BEGIN Data provided
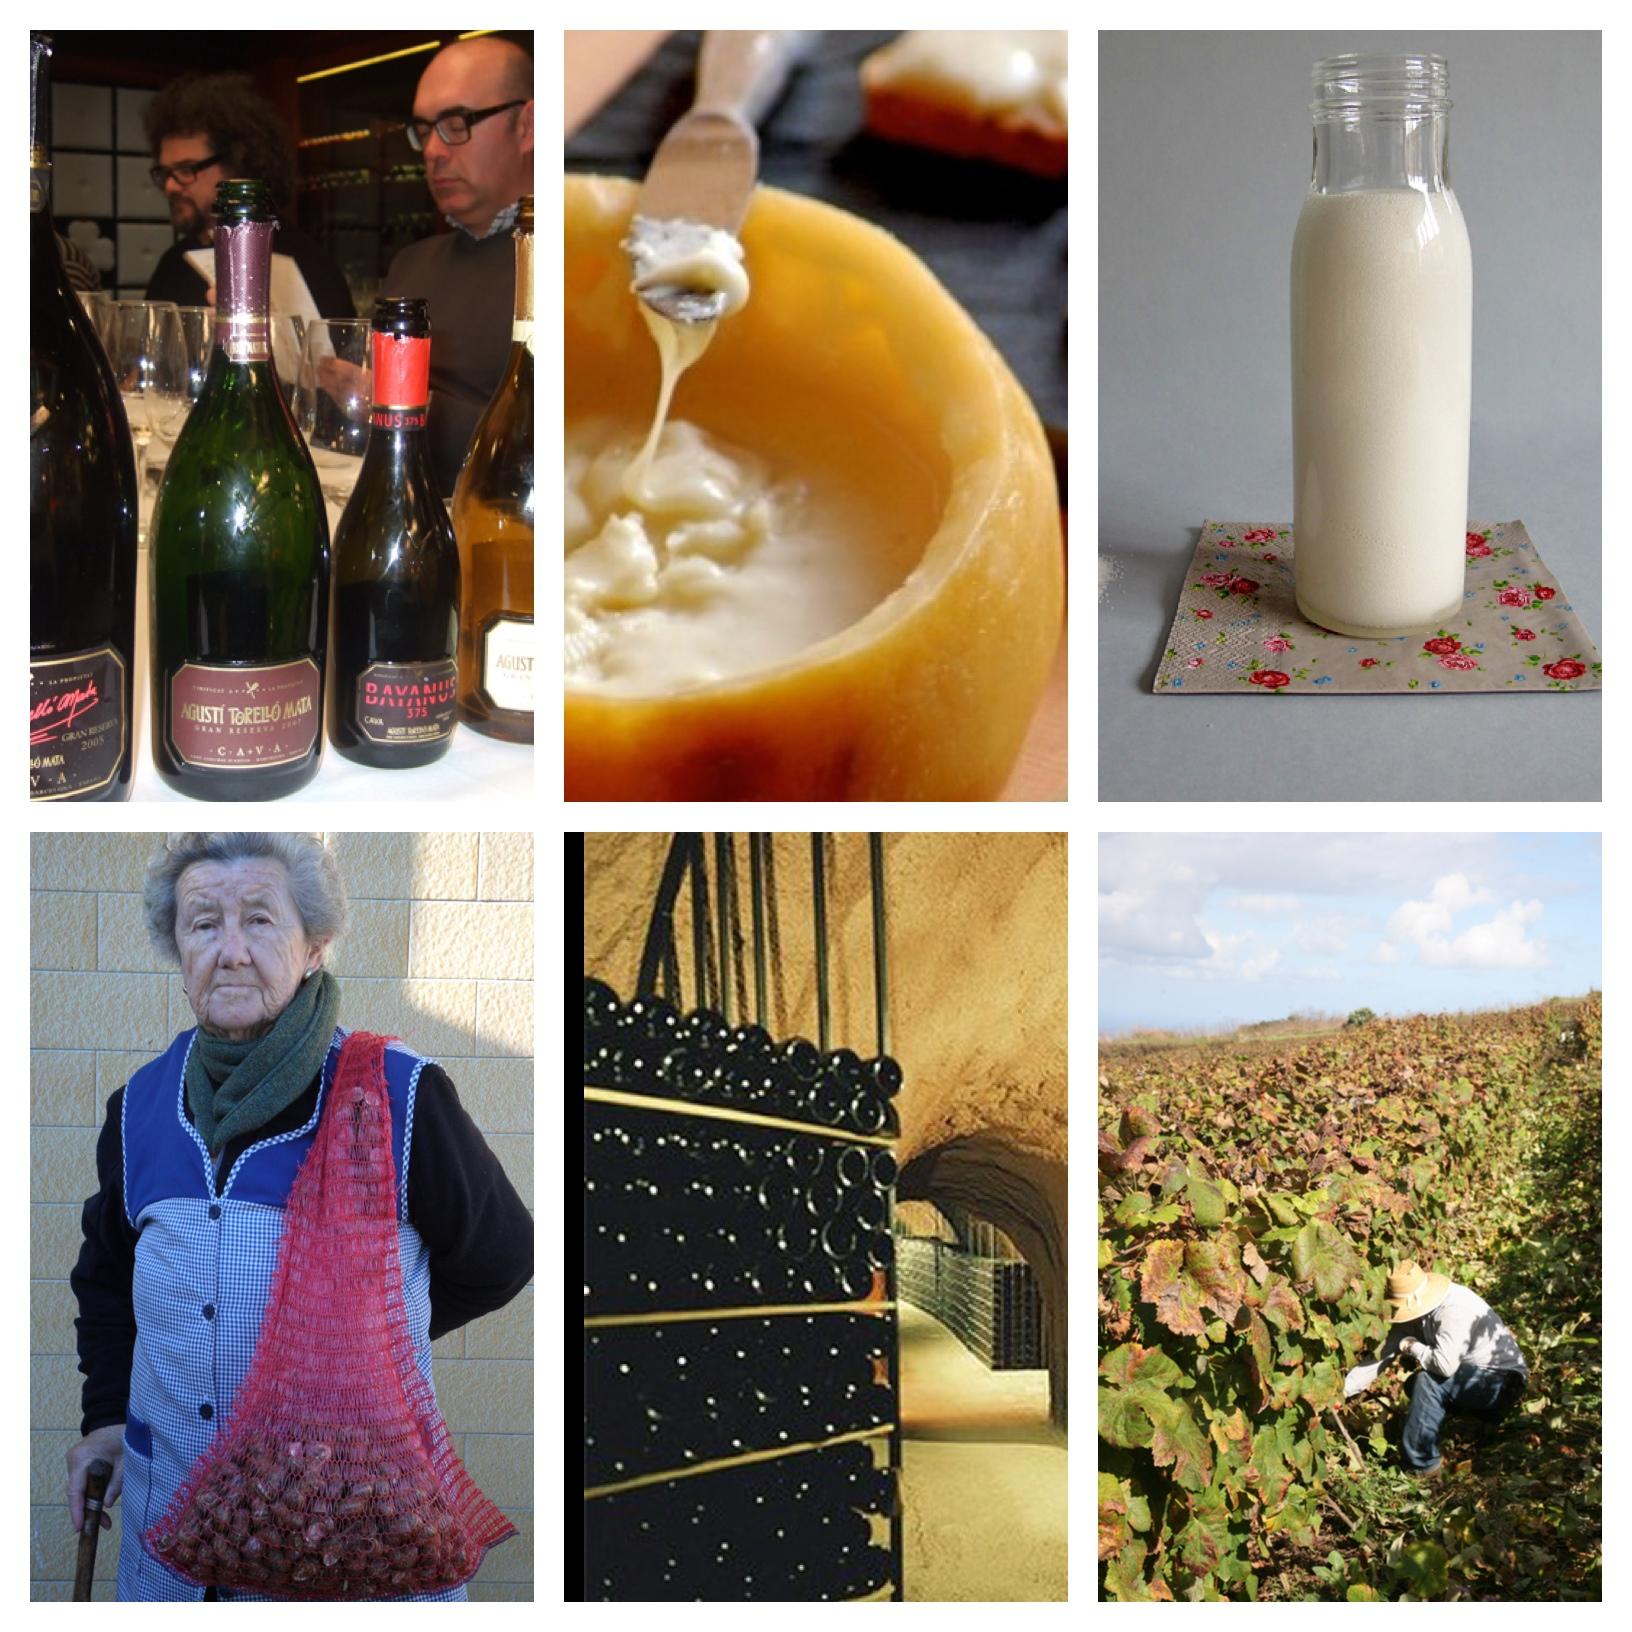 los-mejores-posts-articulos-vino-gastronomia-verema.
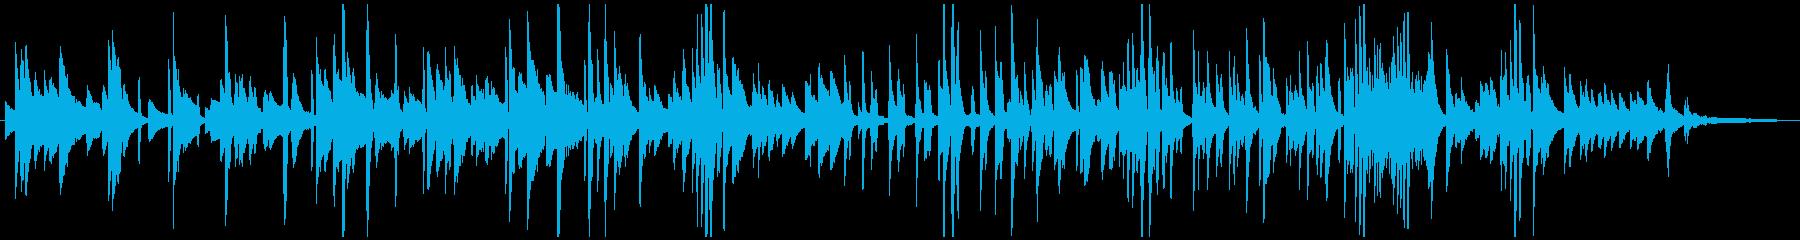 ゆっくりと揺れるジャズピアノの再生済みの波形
END Data provided
BEGIN Data provided
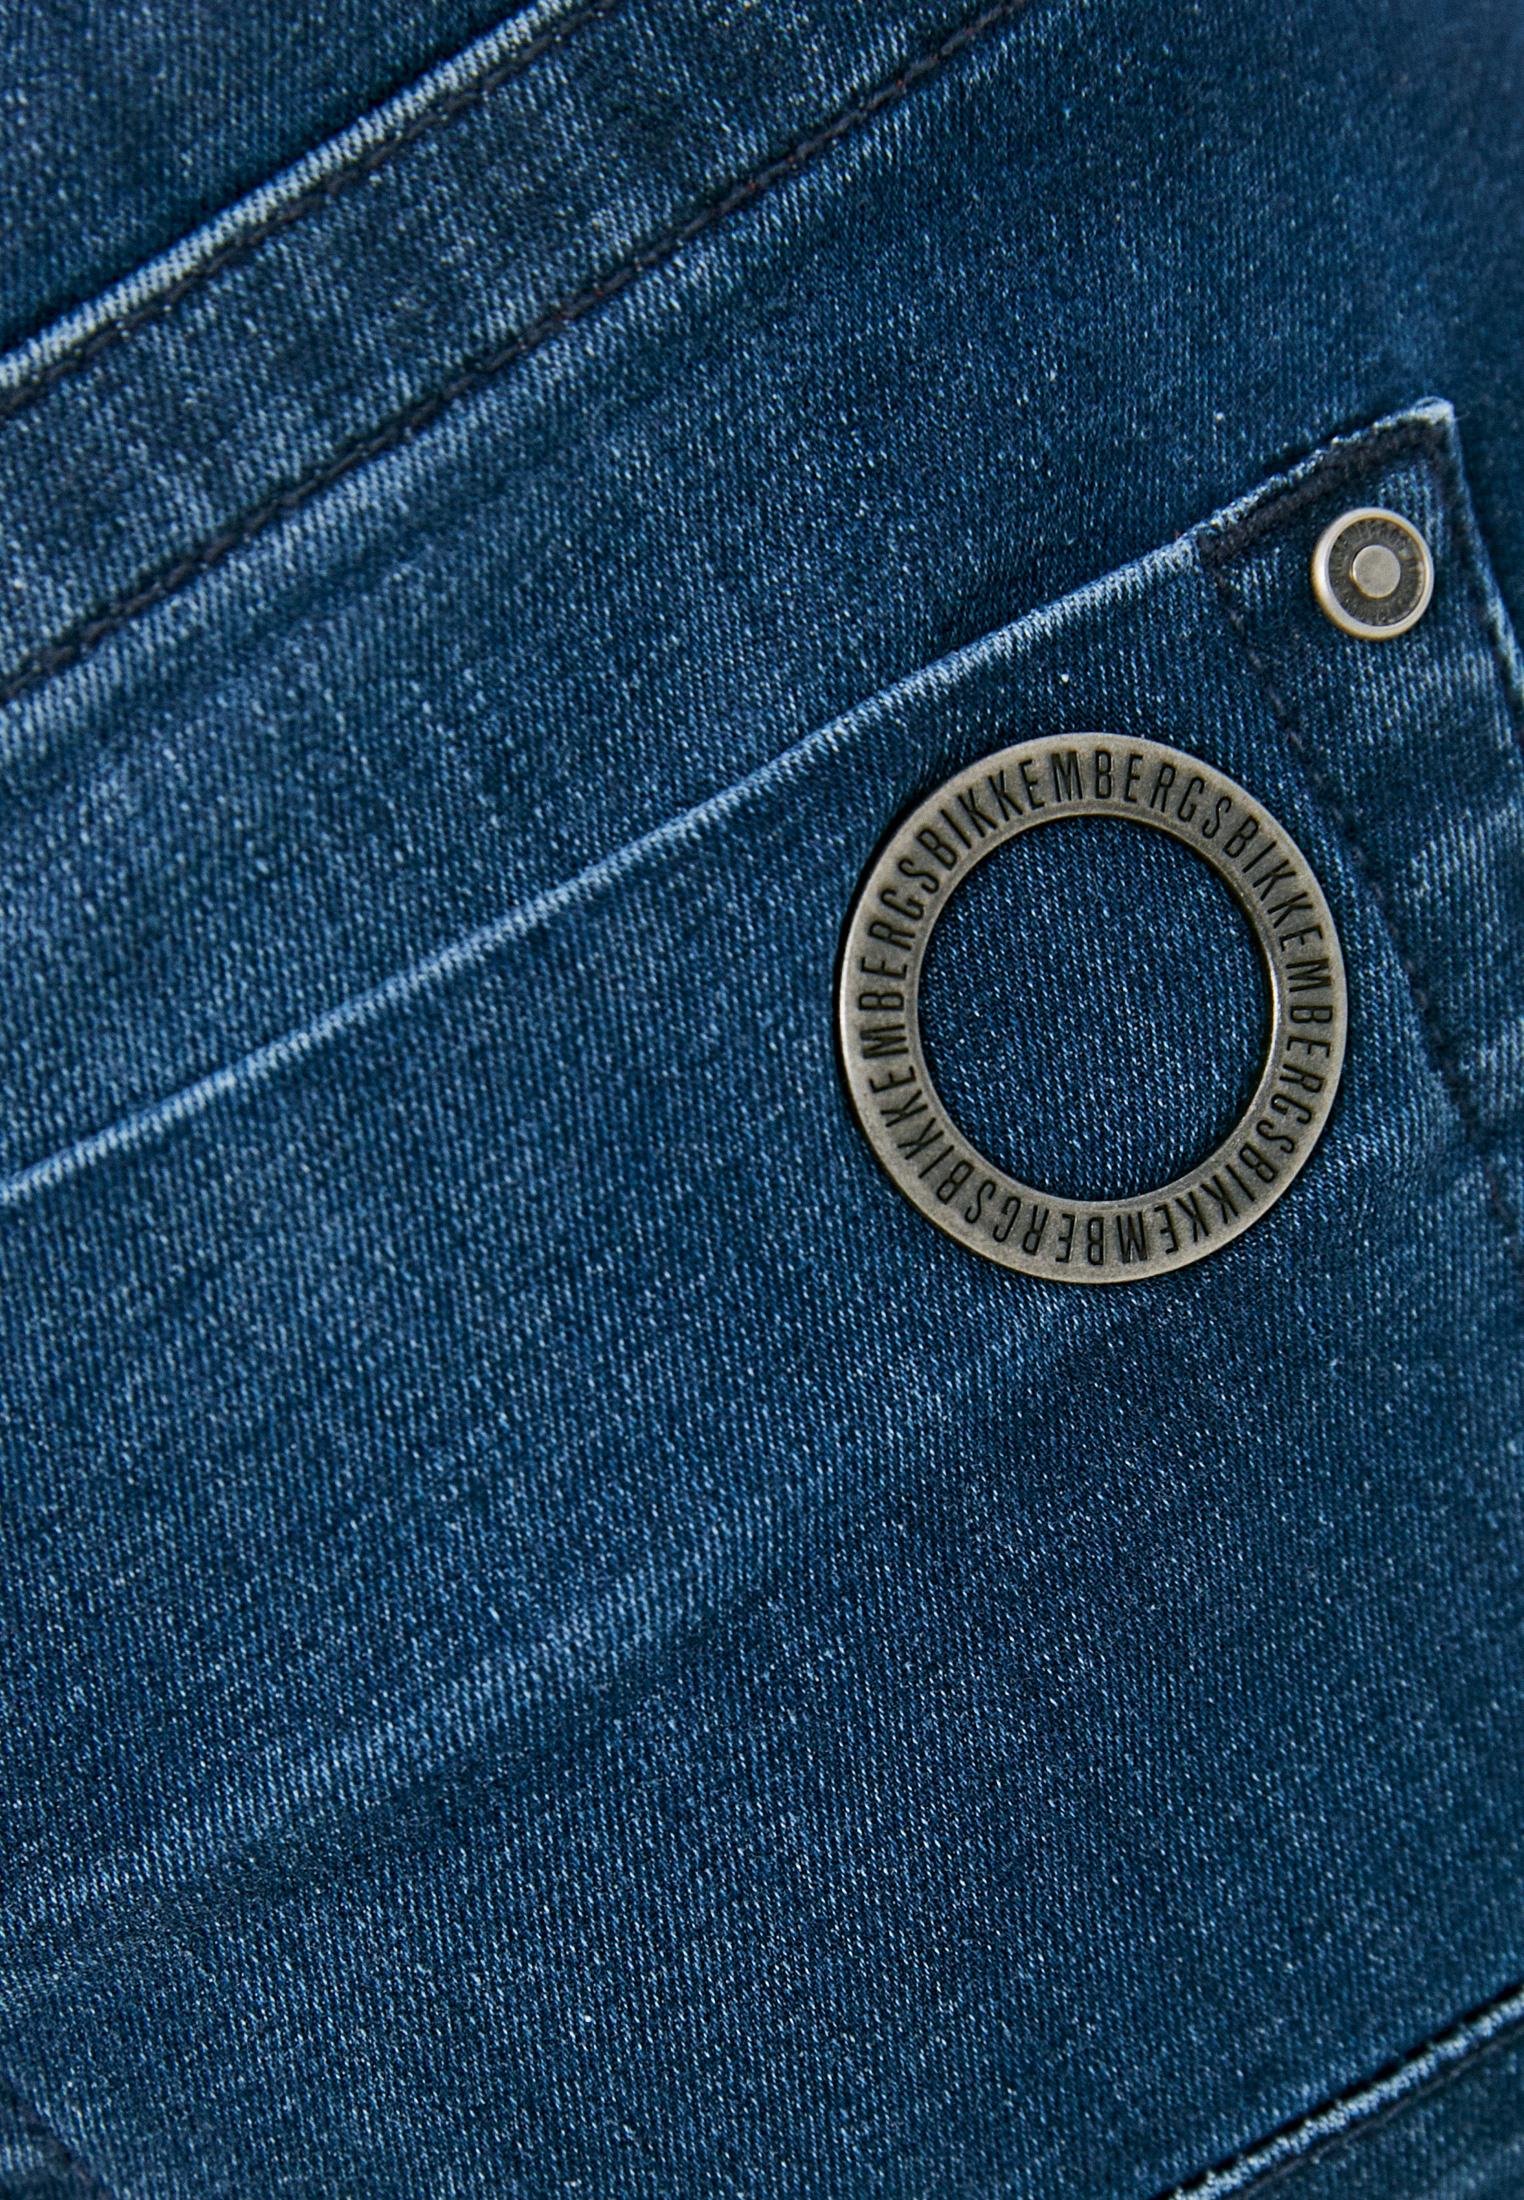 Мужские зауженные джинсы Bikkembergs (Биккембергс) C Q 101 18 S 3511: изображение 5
END Data provided
Your answer must be everything above from the line with "los-mejores-posts-articulos-vino-gastronomia-verema." down to the line with "ゆっくりと揺れるジャズピアノの再生済みの波形", word for word, and no pictures.

 los-mejores-posts-articulos-vino-gastronomia-verema.
 ゆっくりと揺れるジャズピアノの再生済みの波形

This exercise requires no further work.